Task inputs:
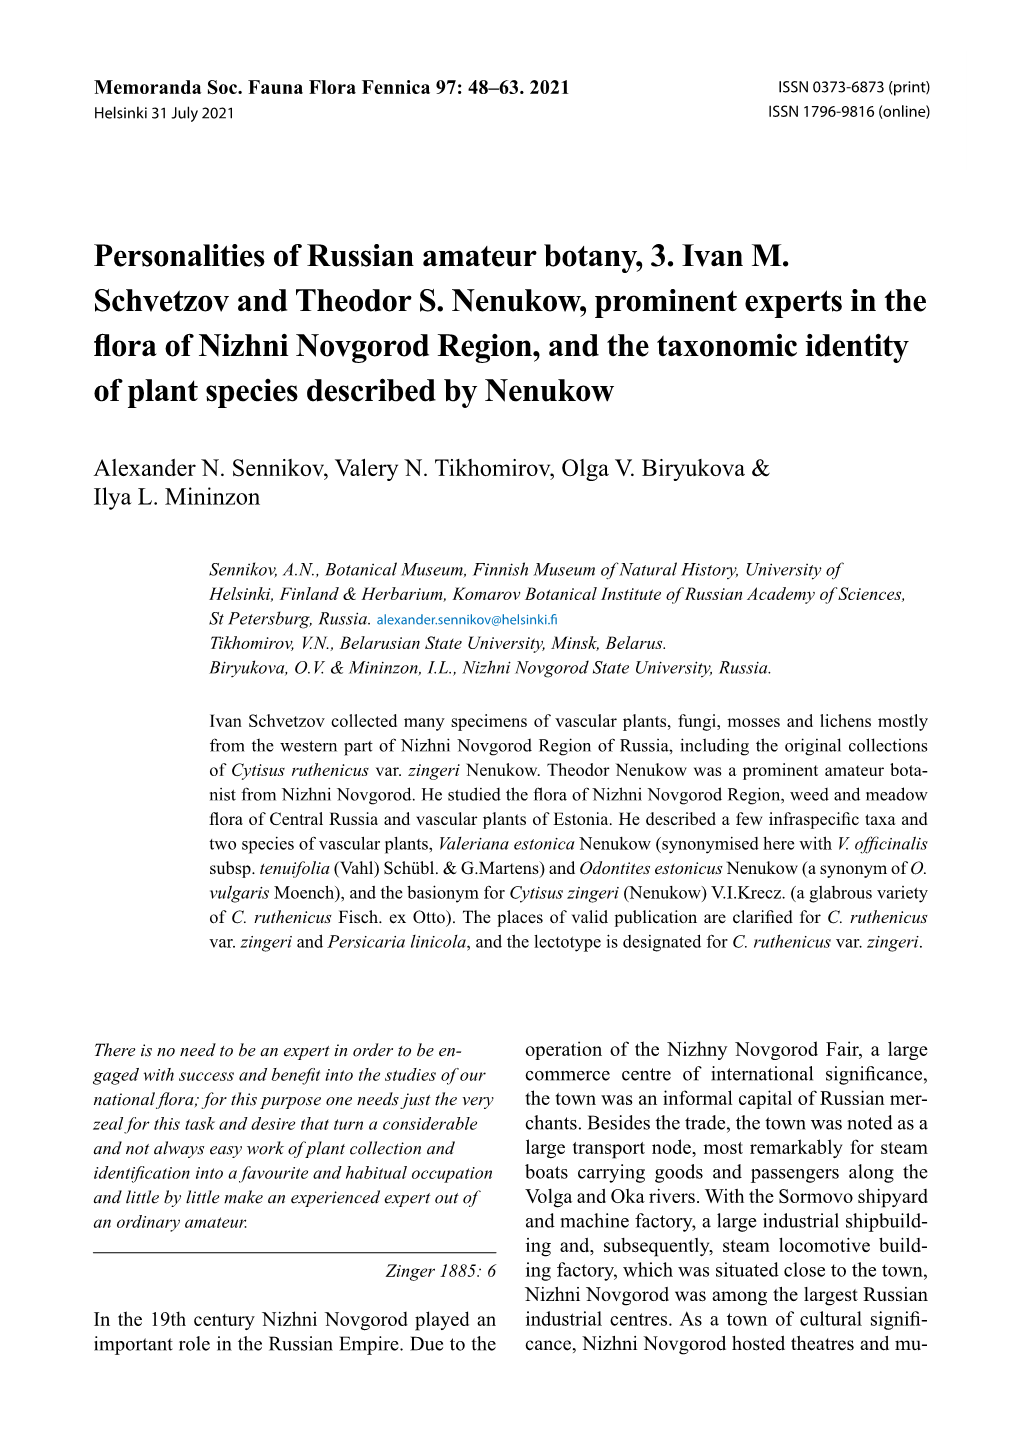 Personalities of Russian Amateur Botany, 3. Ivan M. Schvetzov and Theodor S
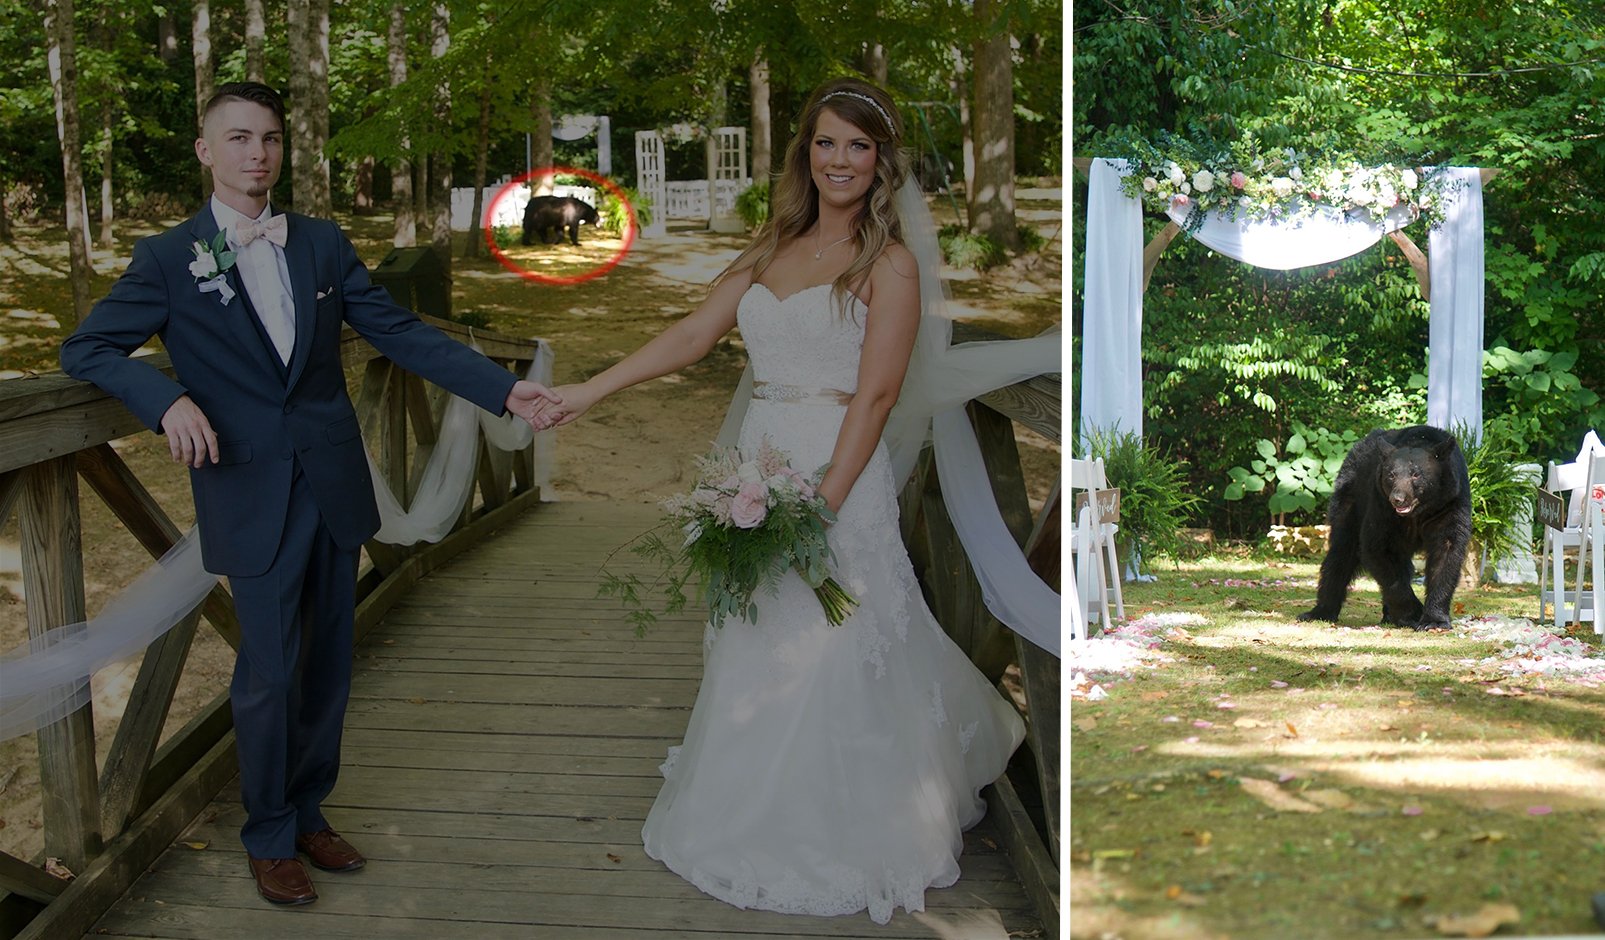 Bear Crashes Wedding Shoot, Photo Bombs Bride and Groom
---
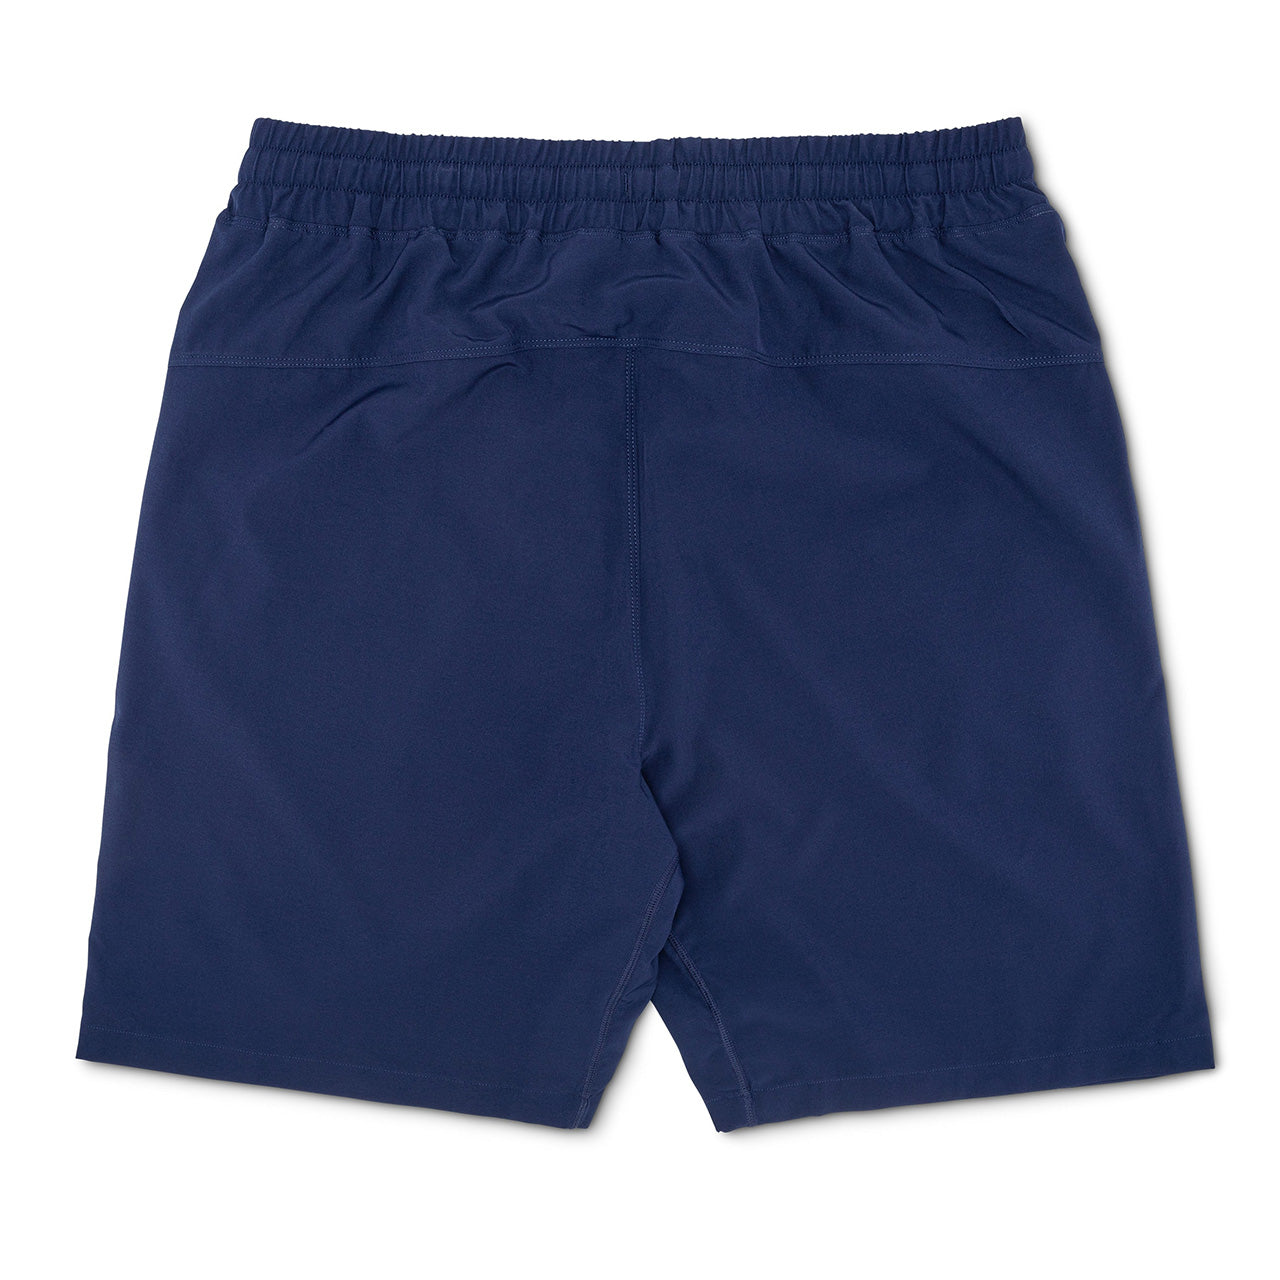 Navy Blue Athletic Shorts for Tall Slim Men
--
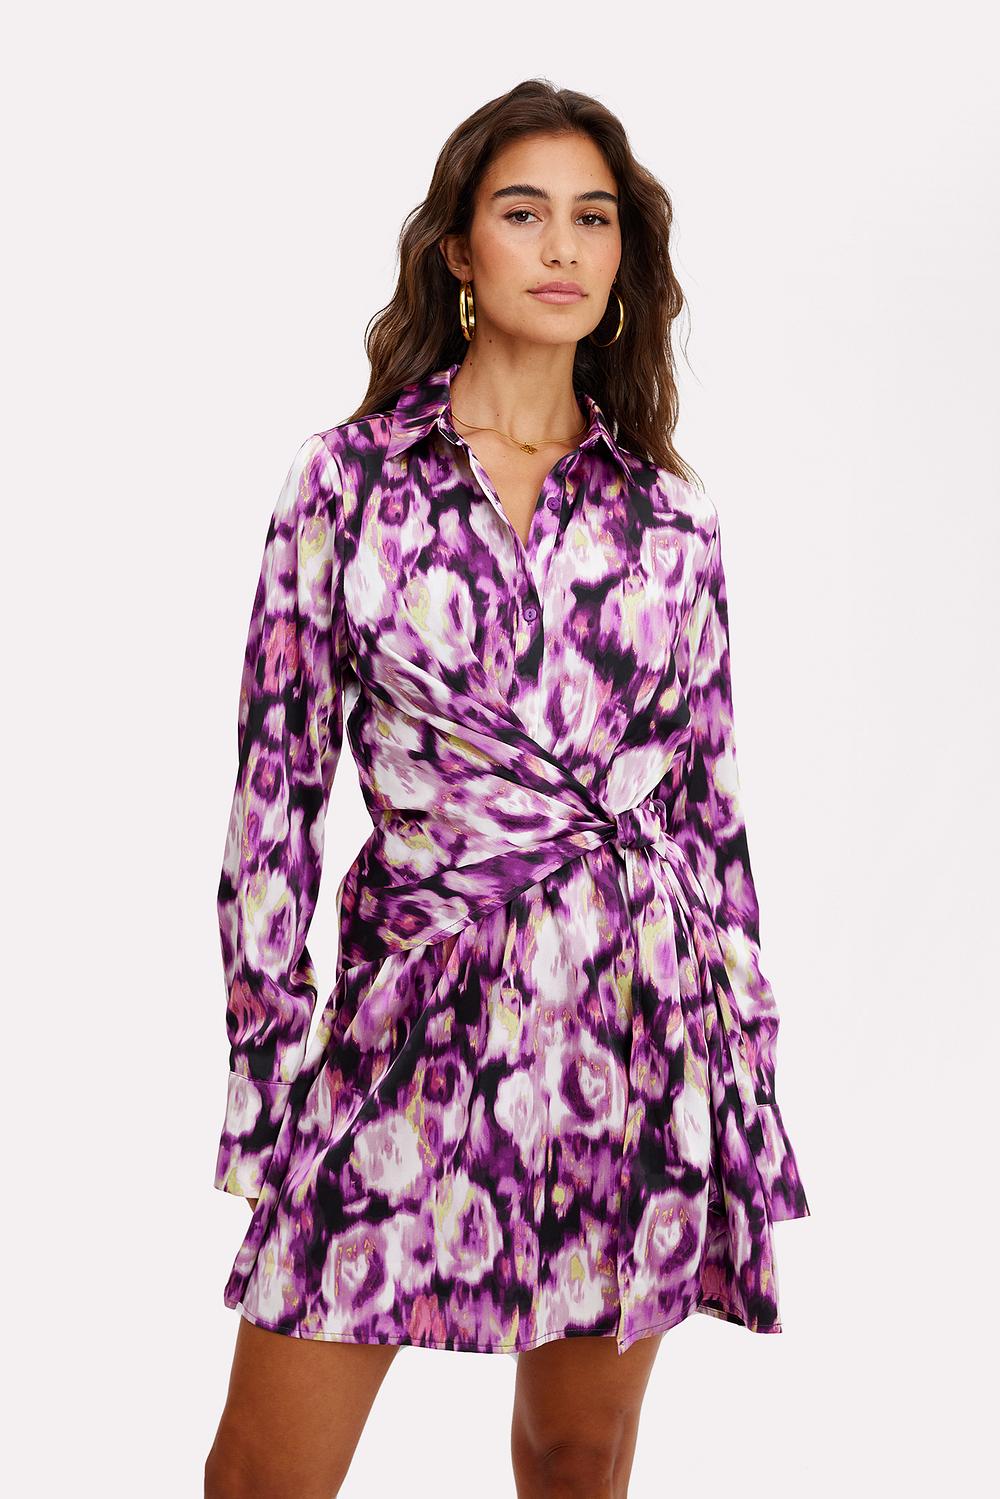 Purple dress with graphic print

What you are asked to do:
Where a picture appears in the records above, omit it, and transcribe exactly the stretch of lines from the one with "Personalities of Russian" through the one with "Bear Crashes Wedding".

Solution:
 Personalities of Russian Amateur Botany, 3. Ivan M. Schvetzov and Theodor S
 Bear Crashes Wedding Shoot, Photo Bombs Bride and Groom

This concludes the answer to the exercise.